Give all of the data again exactly as written, omitting every image.

Raw data
::::::
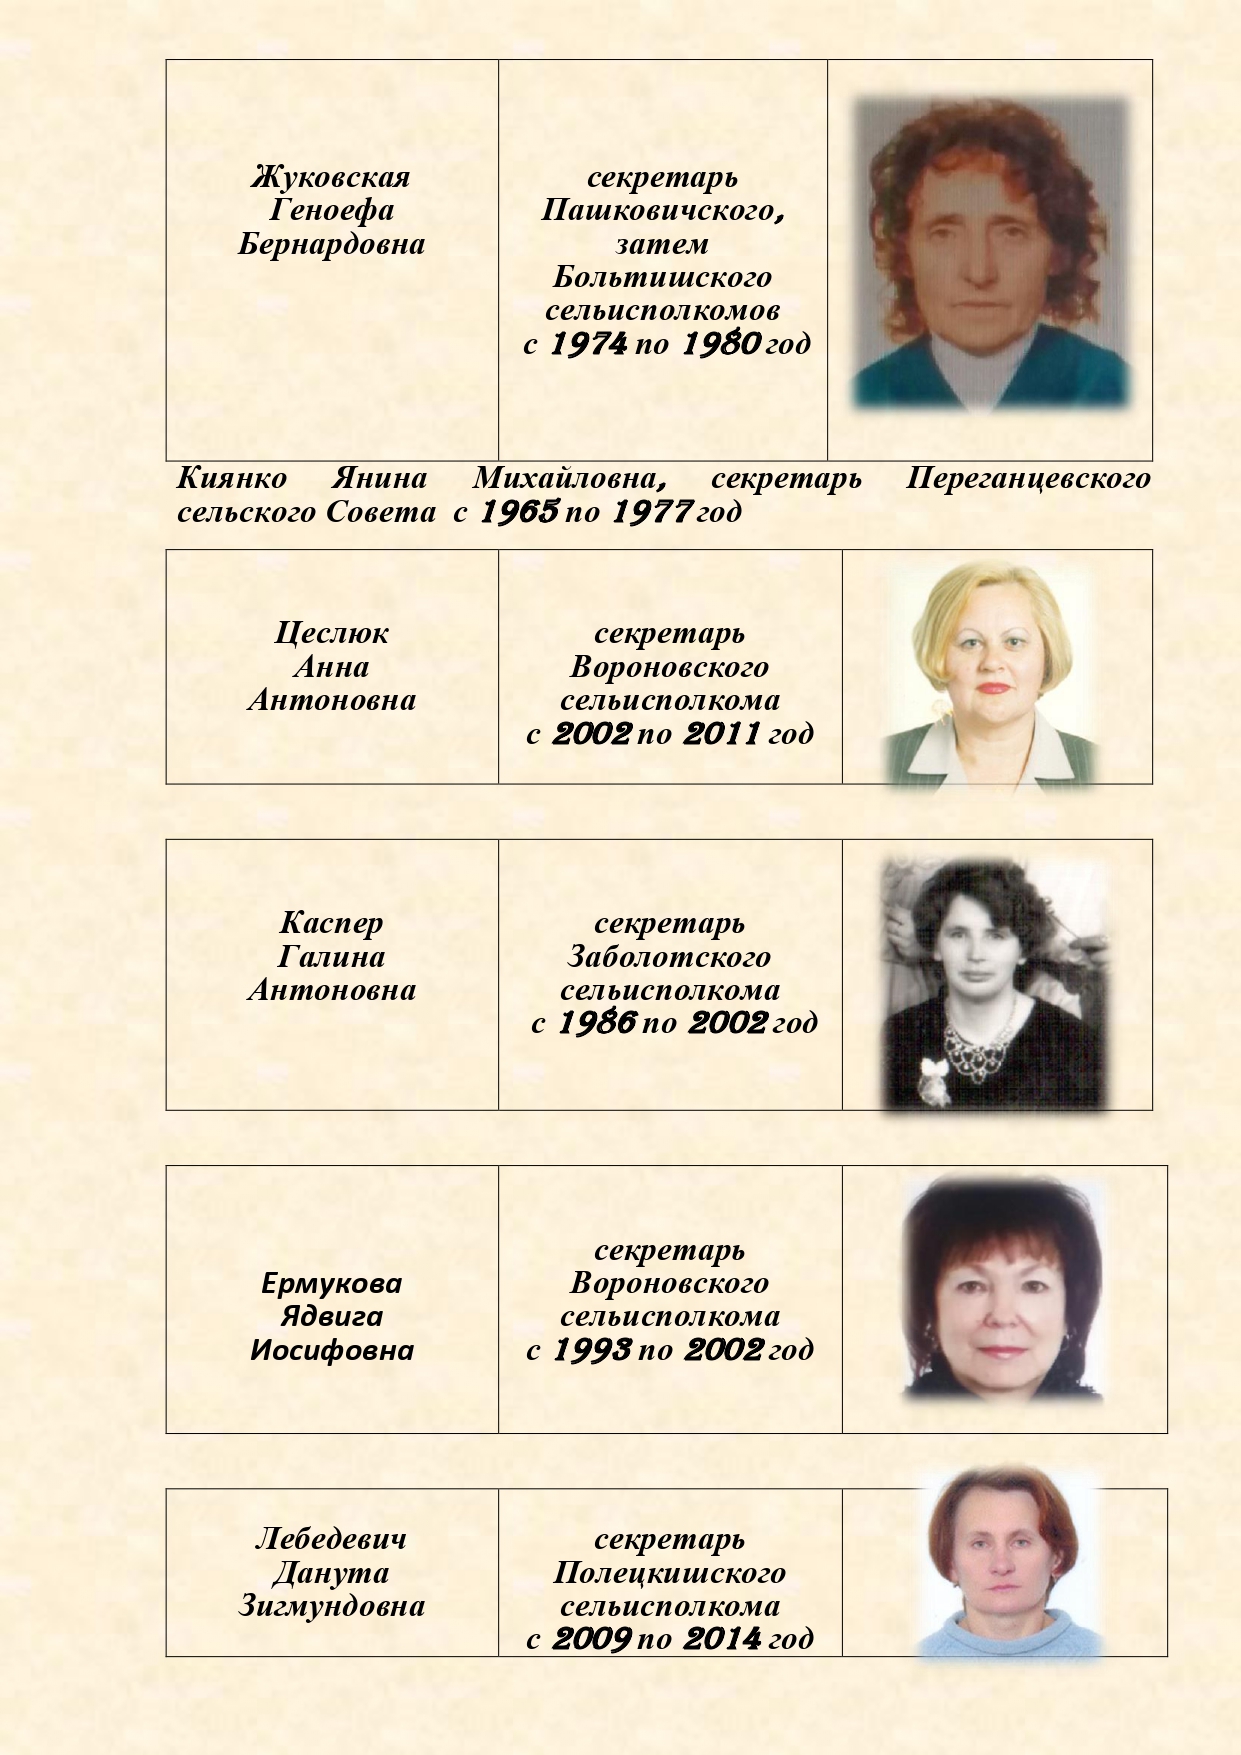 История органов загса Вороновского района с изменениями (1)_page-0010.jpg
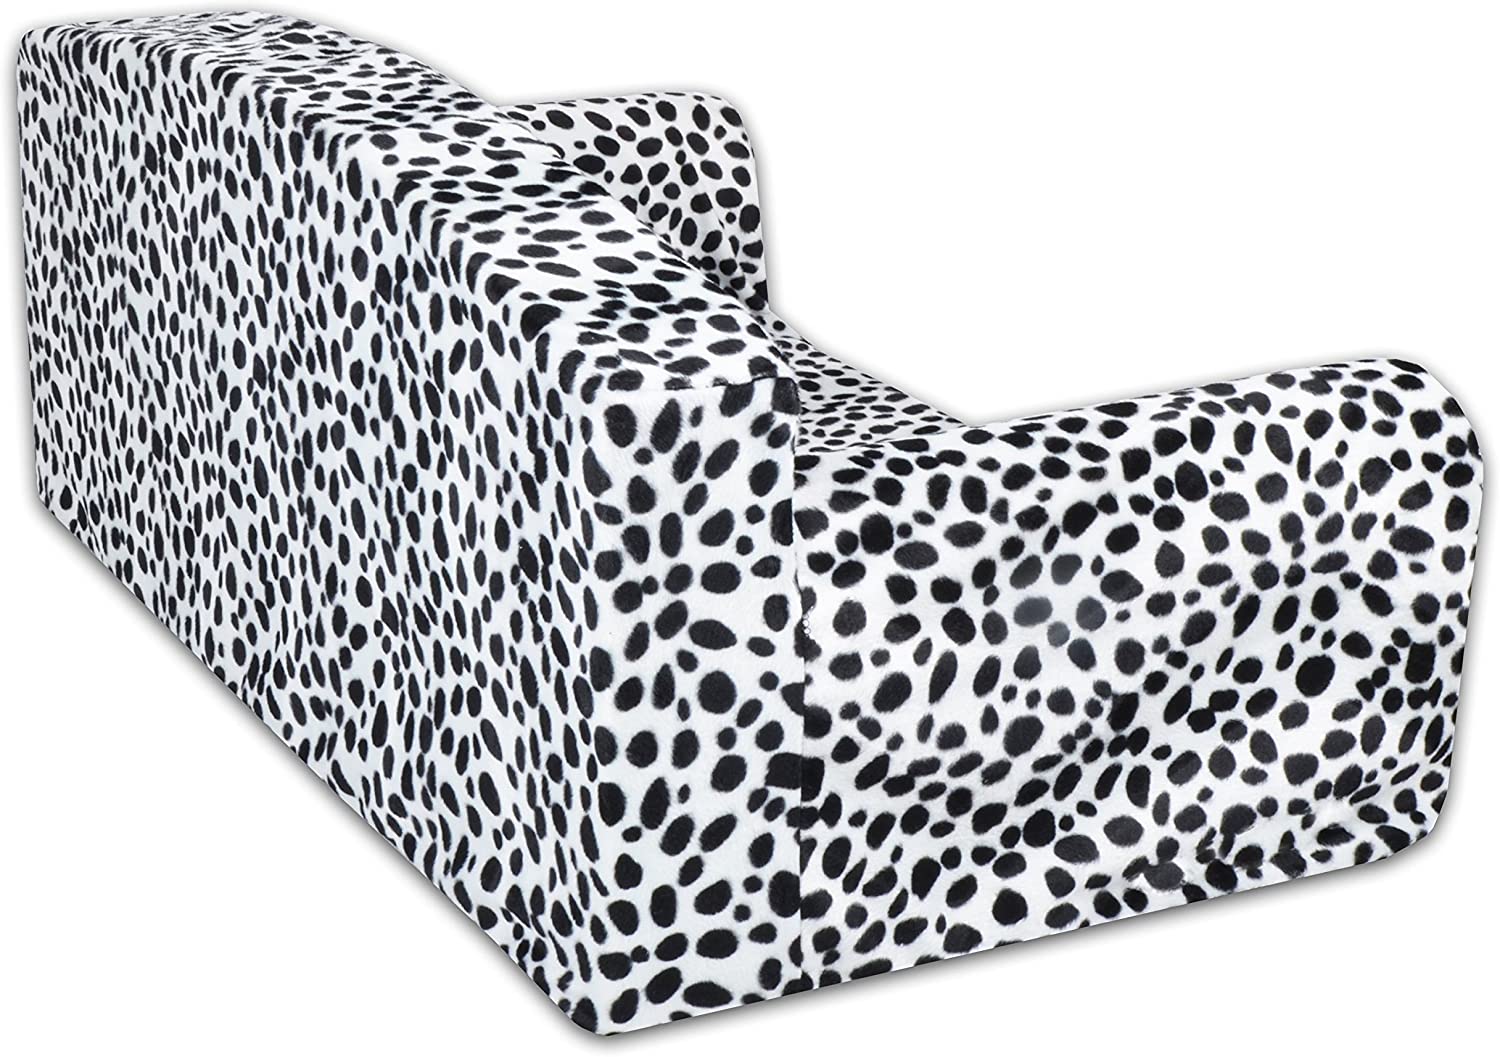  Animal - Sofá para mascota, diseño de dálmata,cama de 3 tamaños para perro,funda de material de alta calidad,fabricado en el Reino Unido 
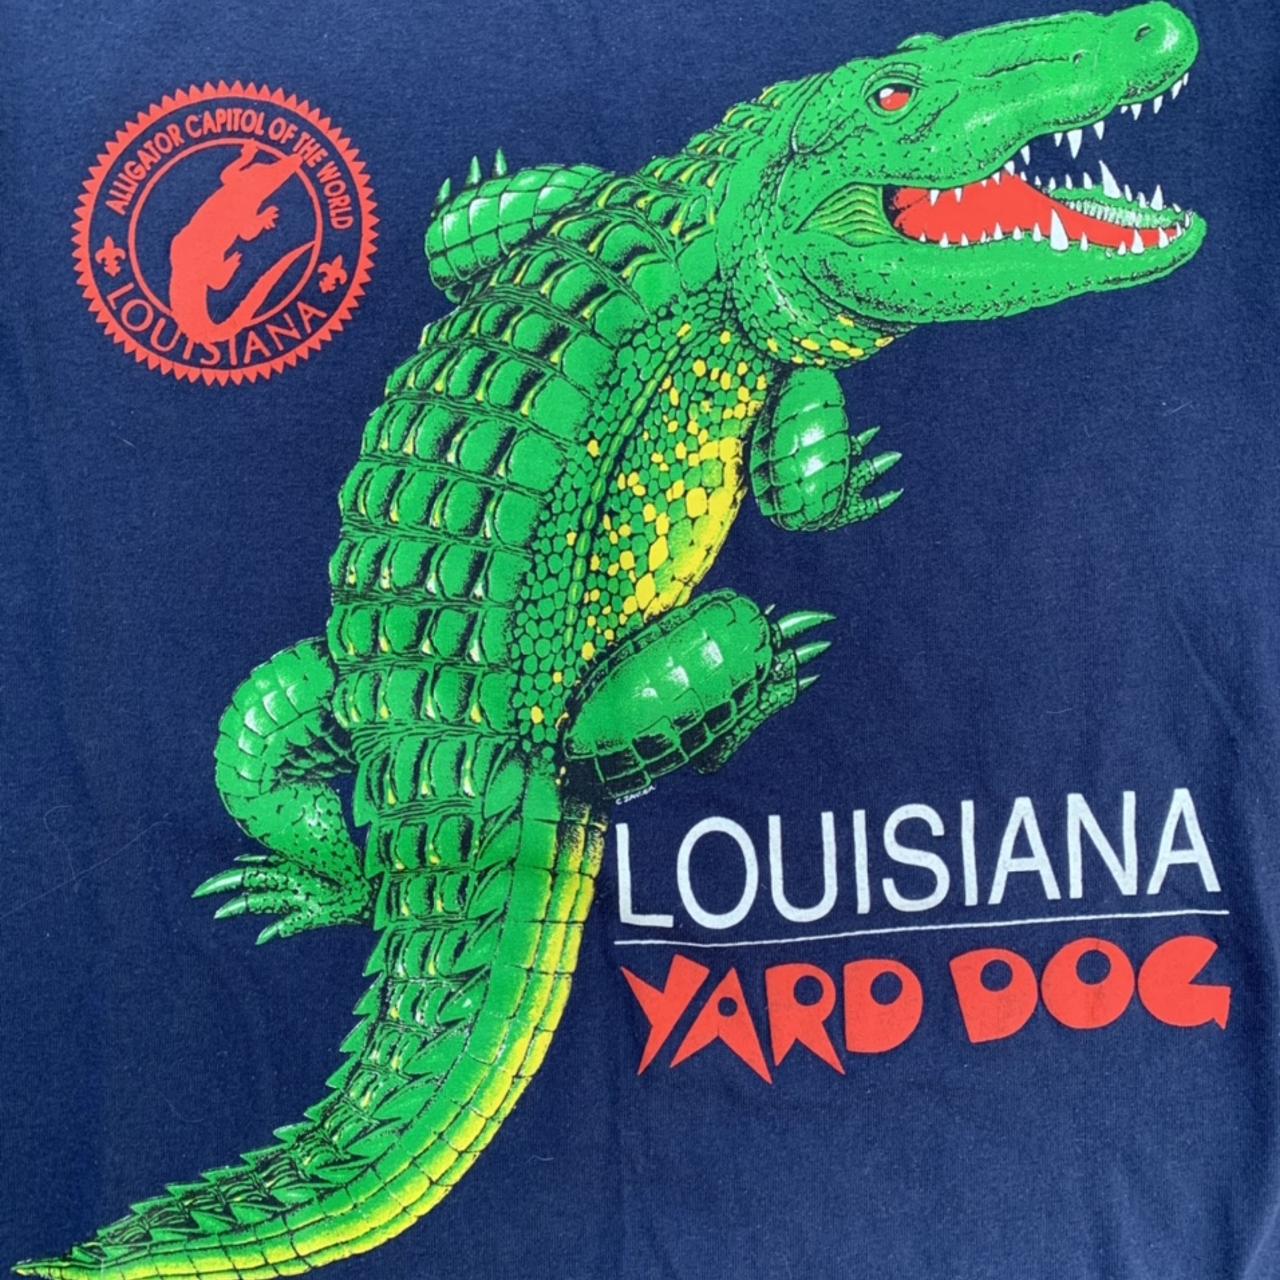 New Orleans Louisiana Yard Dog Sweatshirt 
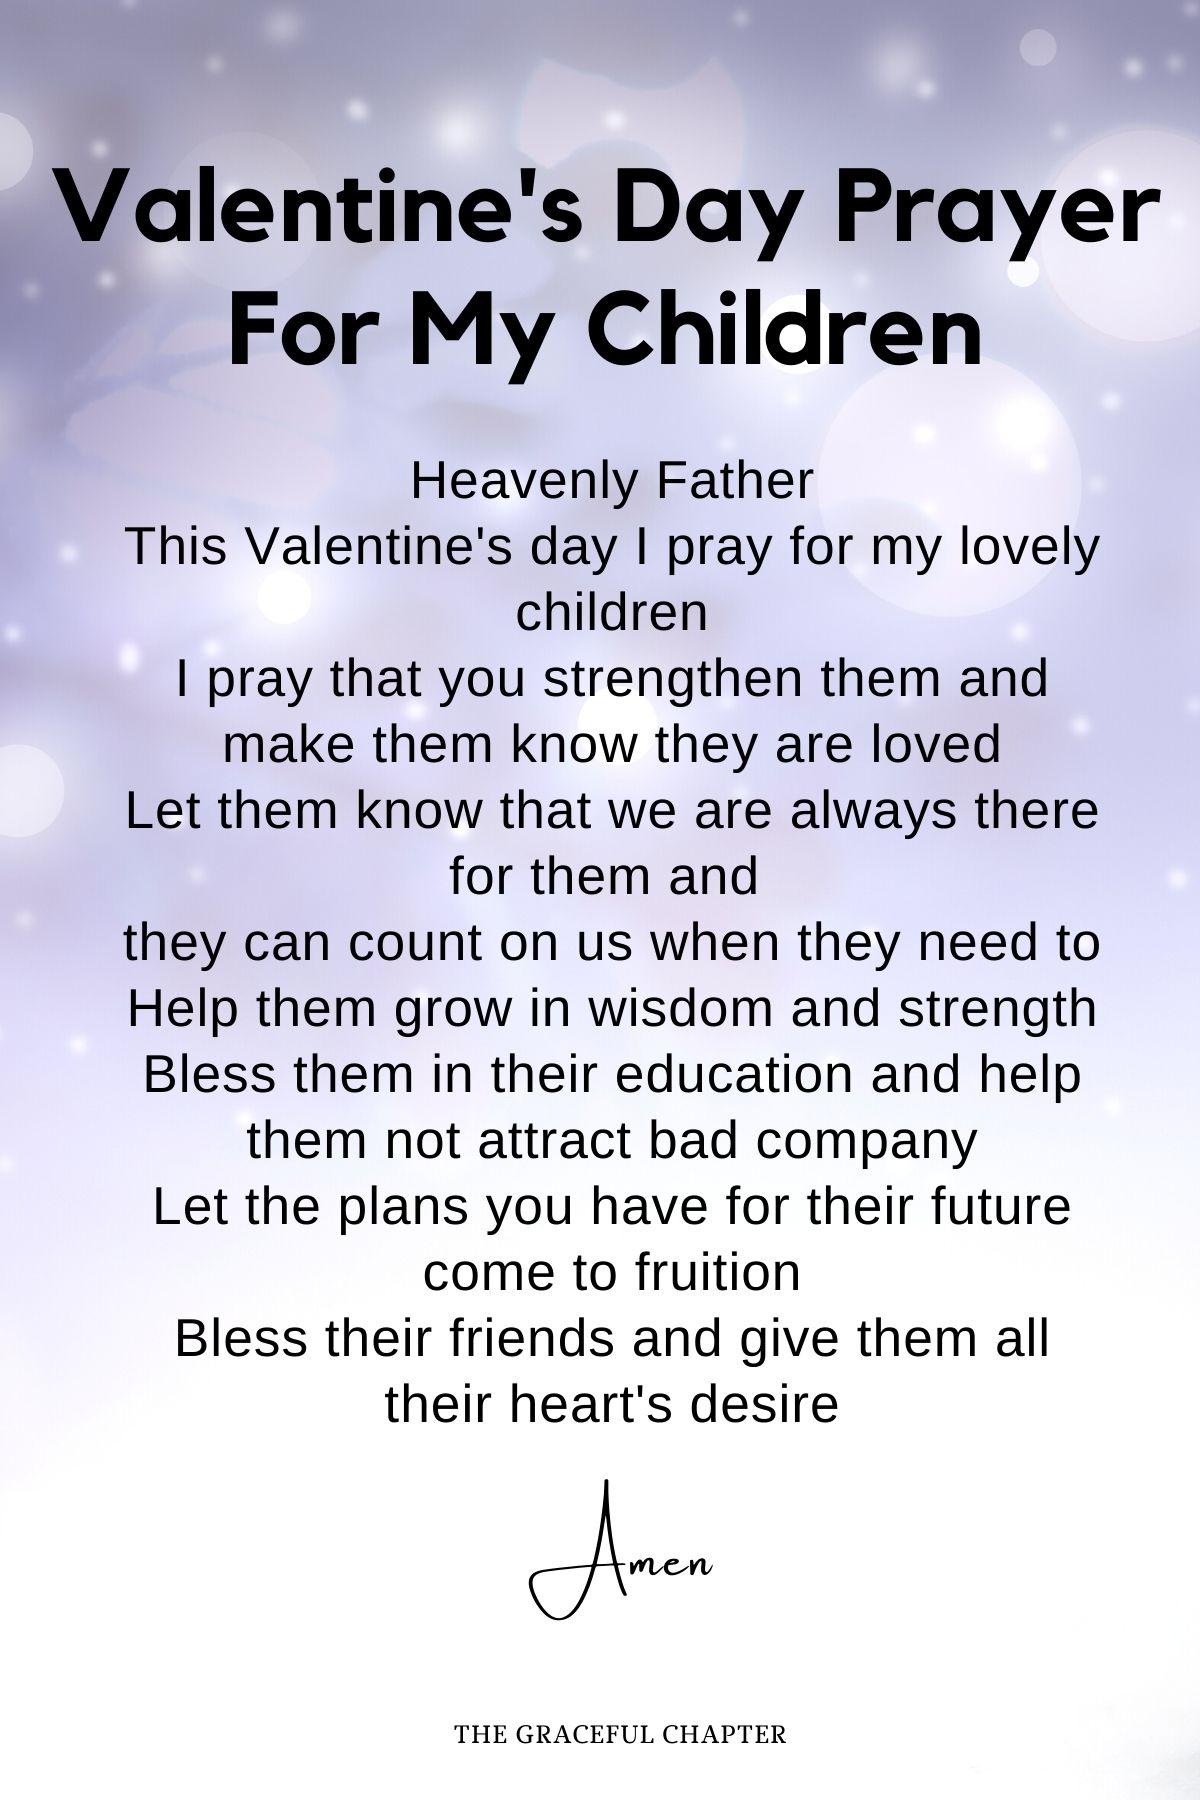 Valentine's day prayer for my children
::::::
Reply
 История органов загса Вороновского района с изменениями (1)_page-0010.jpg
  Animal - Sofá para mascota, diseño de dálmata,cama de 3 tamaños para perro,funda de material de alta calidad,fabricado en el Reino Unido 
 New Orleans Louisiana Yard Dog Sweatshirt 
 Valentine's day prayer for my children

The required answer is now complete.